O PL 4.132/2025, do senador Jaques Wagner (PT-BA), recebeu voto favorável do relator, senador José Lacerda (PSD-MT), com emendas. A matéria segue  para a Comissão de Ciência, Tecnologia, Inovação e Informática (CCT). 

A proposta orienta ações da União (em cooperação com estados, municípios, produtores rurais, agricultores familiares, povos indígenas, povos e comunidades tradicionais e sociedade civil) com foco na digitalização inclusiva, sustentável e inovadora do meio rural. 

Entre os objetivos da política, estão:

  • ampliação da conectividade rural;
  • fomento à transformação digital no campo;
  • capacitação de produtores e trabalhadores rurais em habilidades digitais;
  • implantação de infraestrutura e governança de dados voltada à conservação ambiental, prevenção de desastres e proteção de povos e comunidades tradicionais.  

Os instrumentos de implementação incluem programas de pesquisa, desenvolvimento e inovação, capacitação e assistência técnica, certificação digital, rastreabilidade e criação dos Centros de Serviço Compartilhado Digital Rural (CSC Digital Rural).
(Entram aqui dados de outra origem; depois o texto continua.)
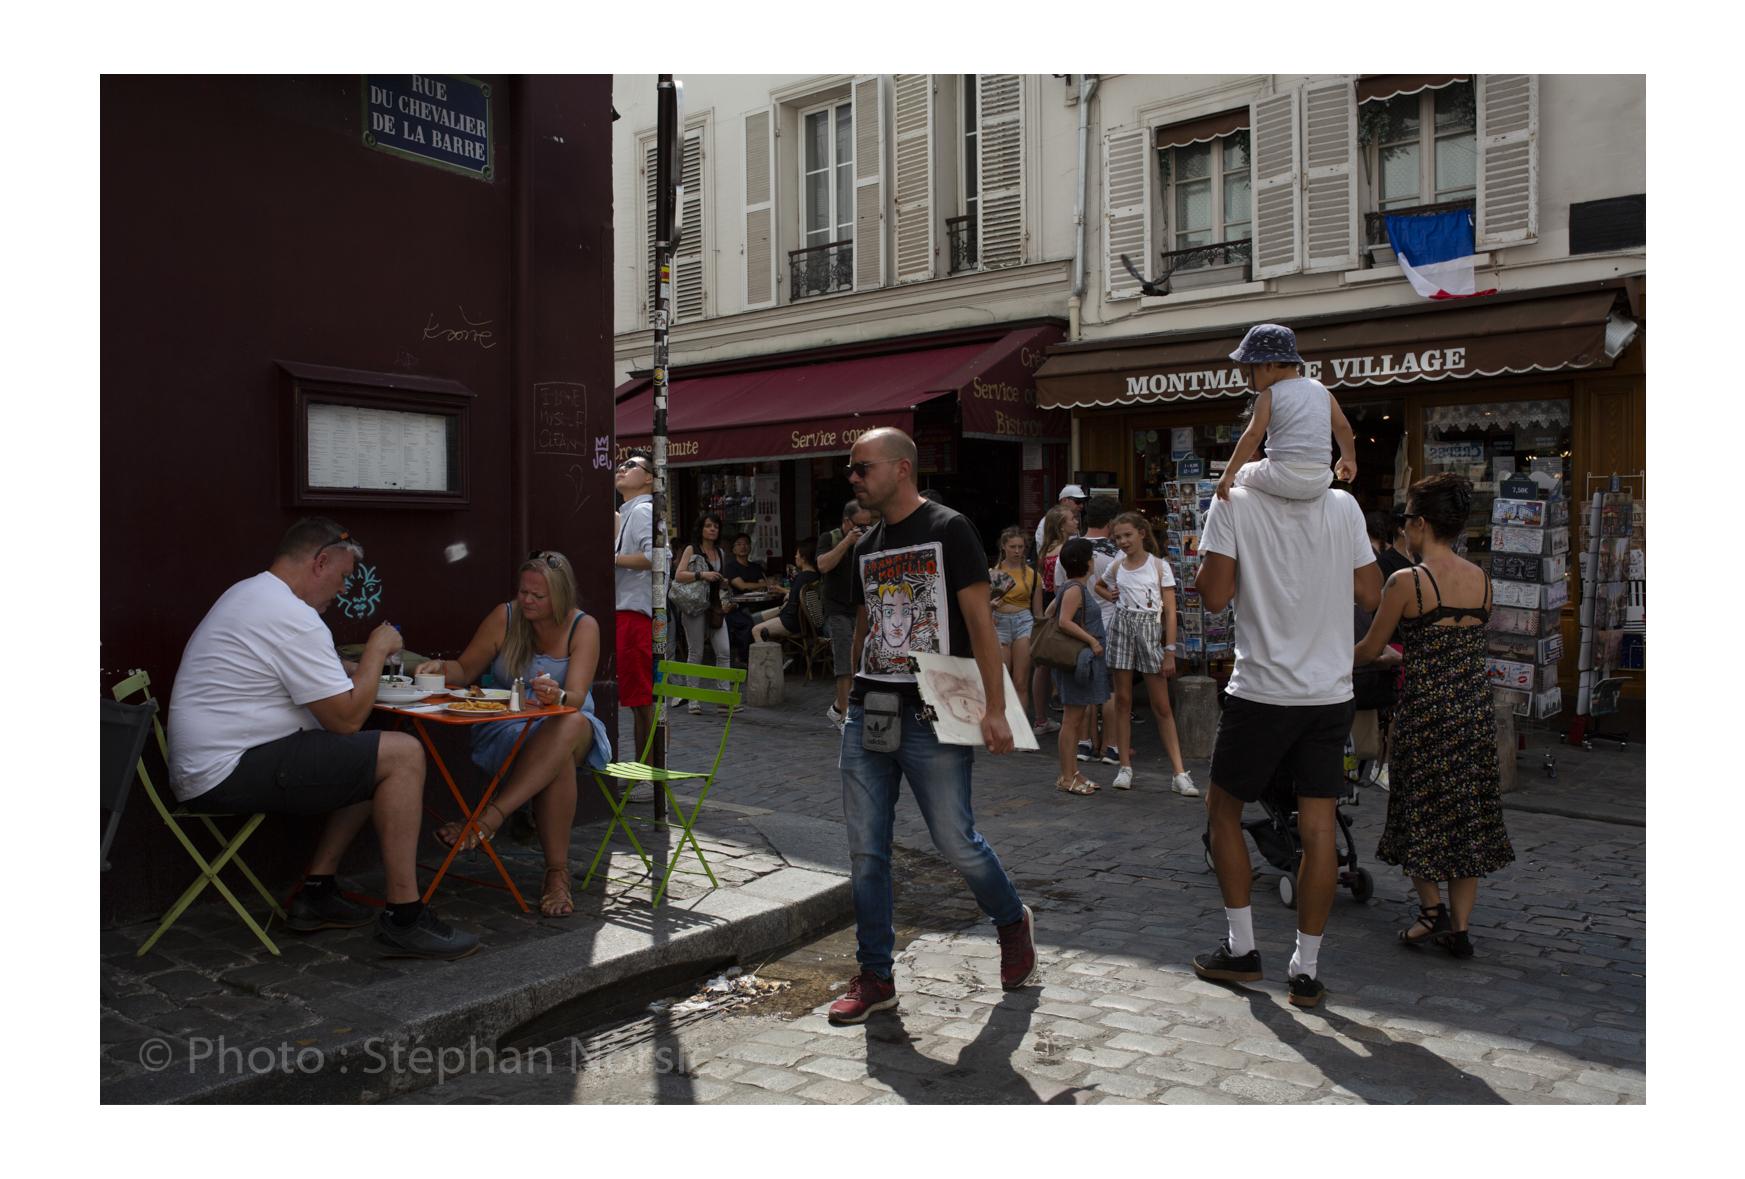 Stephan-Norsic-Paris-ok-500-28

Também é proposto o Programa Nacional de Incubação de Soluções Digitais para Agricultura Familiar e Tradicional, com foco em tecnologias adaptadas à realidade local. 

O projeto prevê ainda mecanismos de monitoramento anual da execução da política, com indicadores de conectividade, inclusão digital, laboratórios implantados e tecnologias sociais desenvolvidas.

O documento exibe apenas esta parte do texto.